In prior announcements, we've also talked about options for additional manufacturing locations, and we can now report that we've entered into a lease agreement for a manufacturing facility in Guangzhou, China. We have a well-established sales footprint in China, which has been run out of Guangzhou for almost 20 years now, and this new facility is aligned with our distributed supply chain strategy. It will start with a select range of products to service local markets, and it provides us with optionality and flexibility to respond to demand over time. Let's look now at page 16. There's a number of uncertainties which I think we're all familiar with now leading into the coming half, and that leaves us unable to provide quantitative guidance for revenue or earnings at this time.

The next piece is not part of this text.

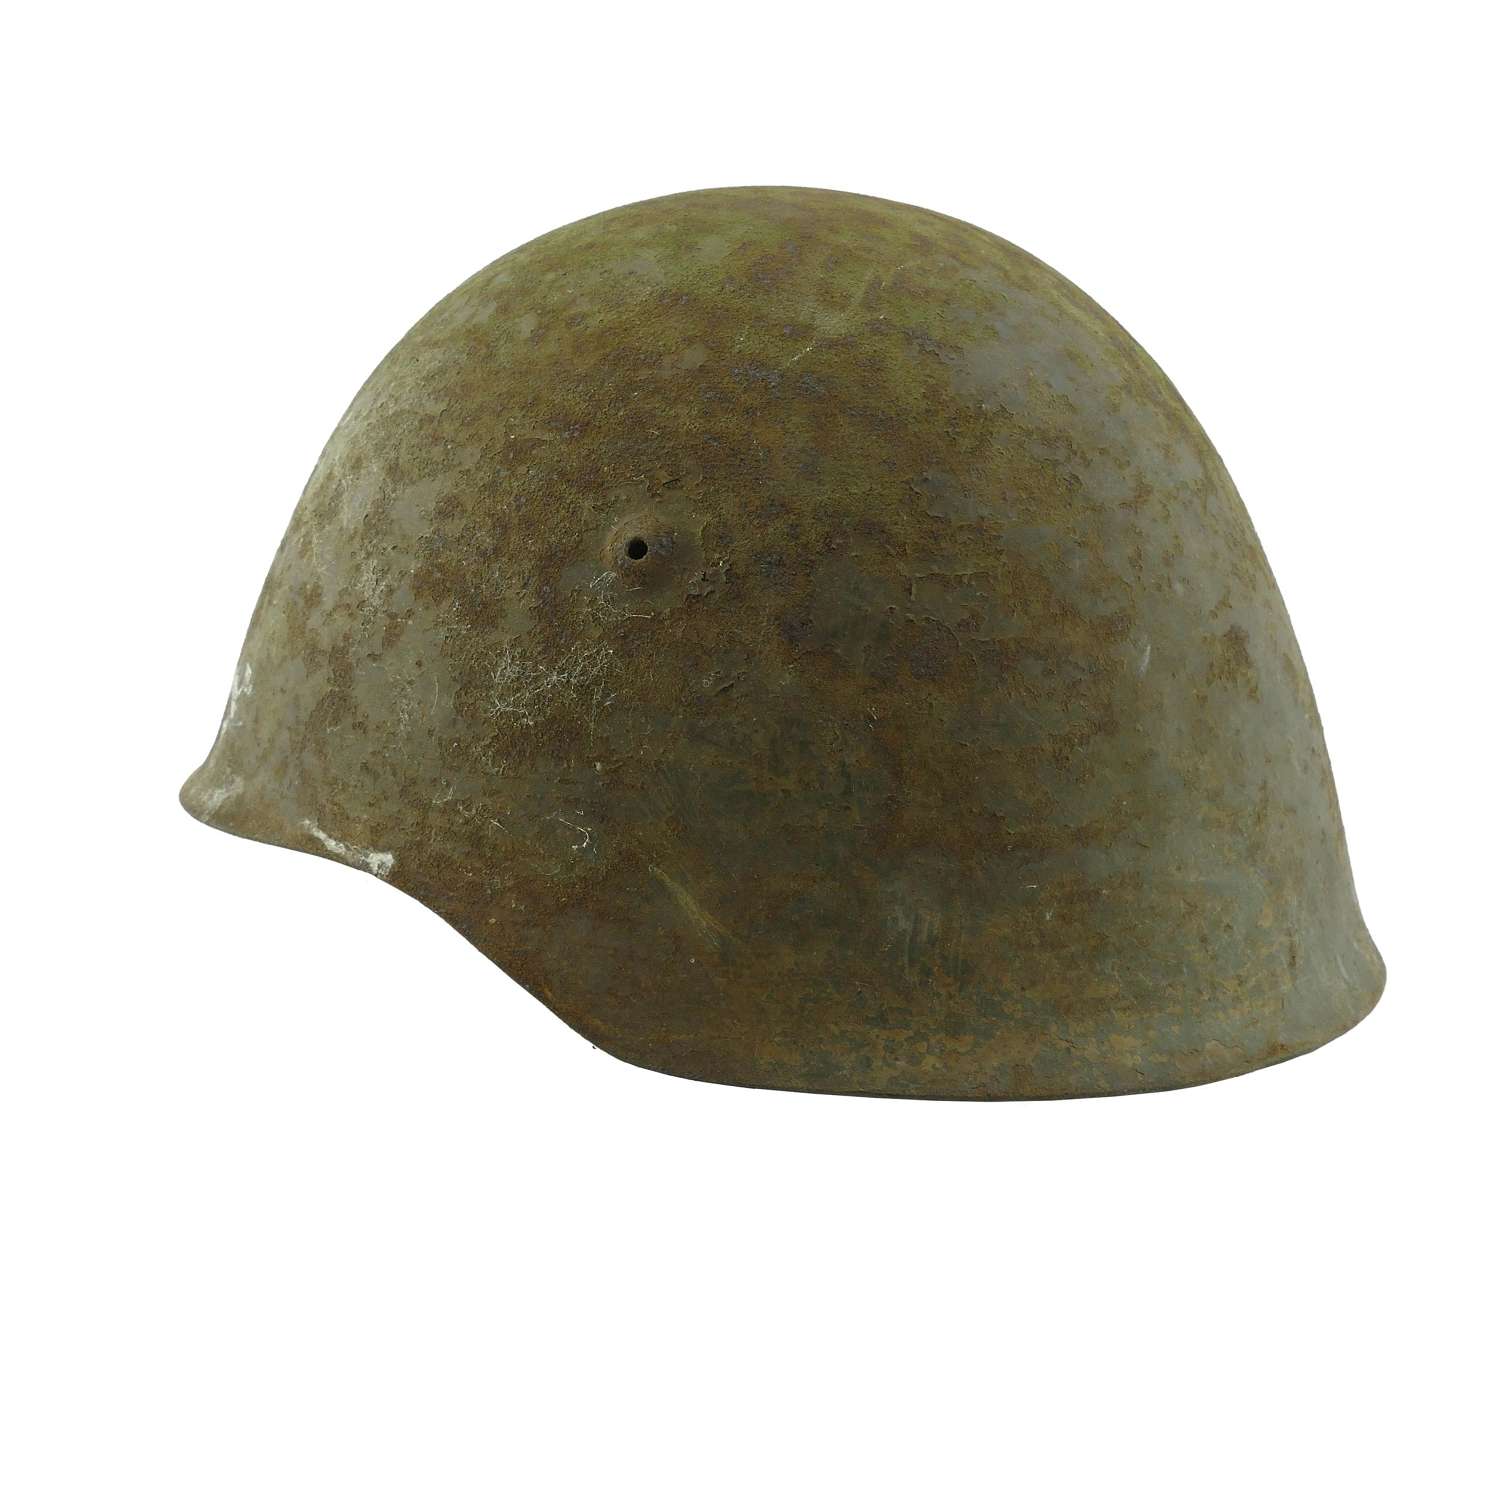 Portuguese M1940 steel helmet
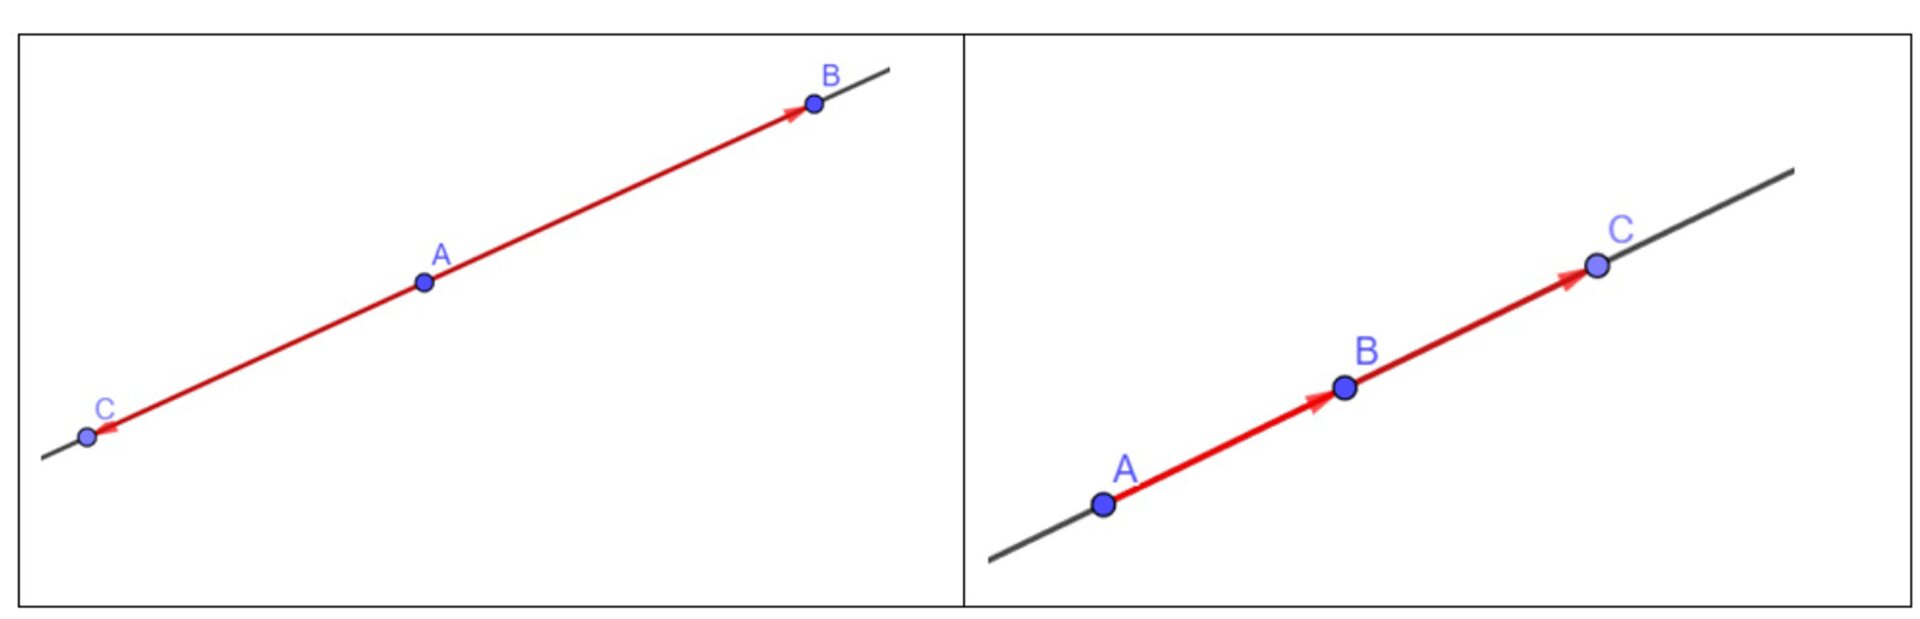 Ilustracja przedstawia dwie proste obok siebie. Pierwsza prosta. Zaznaczono na niej kolejno punkty od lewej: C, A, B. Na prostej zaznaczono dwa wektory: AB→ oraz AC→. Druga prosta. Zaznaczono na niej kolejno punkty od lewej: A, B, C. Zaznaczono wzdłuż prostej dwa wektory: AB→ oraz BC→.

As we note in our earnings release, we see a number of factors impacting the period, including the severity and extent of COVID-19, RSV, influenza, and that's in addition to the impact of ongoing hospital staffing pressures and potentially surgical backlogs. Speaking on a more qualitative basis, we have a number of things that lead us to believe that second half revenue will be higher than the first half. Historically, sales of our Hospital consumables are typically higher in the second half, and that reflects seasonal patterns in hospitals. Specifically, in the last two pre-COVID years, Hospital consumable sales were 19% higher in the second half than in the first half in constant currency terms. In addition, the proportion of customers cycling through their Omicron-driven consumable stock is likely to be lower in our second half than the first half.
In Homecare, the recent launch of our Evora Full, in combination with an ongoing improving supply of CPAP hardware, is likely to contribute to continued Homecare growth for the remainder of the year. Lyndal's already mentioned our expectations for gross margin and operating expenses for the rest of this financial year, so I'll leave that there. With that, we're now happy to take your questions.
Thanks, thanks, Lewis. We can now take your questions. Before we begin, can I please ask everybody to limit your questions to two. This is to ensure that everybody has an opportunity to participate. If you do have further questions, you're welcome to rejoin the queue, and we can do our best to cover everything off within the hour. Jenny, I think we can now open the line for questions.
Thank you. If you'd like to ask a question, please signal by pressing star one on your telephone keypad. If you're using a speakerphone, please make sure your mute function is turned off to allow your speaker to reach our equipment. Again, please press star one to ask a question. A voice prompt will indicate when your line is open to ask the question. Our first question today is going to come from David Low from JP Morgan.
Thanks very much. If I could start with the commentary around flu and RSV. Yeah, we've seen a lot of reports that the incidence of flu in the Northern Hemisphere, particularly the US, is weighted towards children. Just wondering what the implications are for Fisher & Paykel's consumable sales if we do see more children than adults than is perhaps normal.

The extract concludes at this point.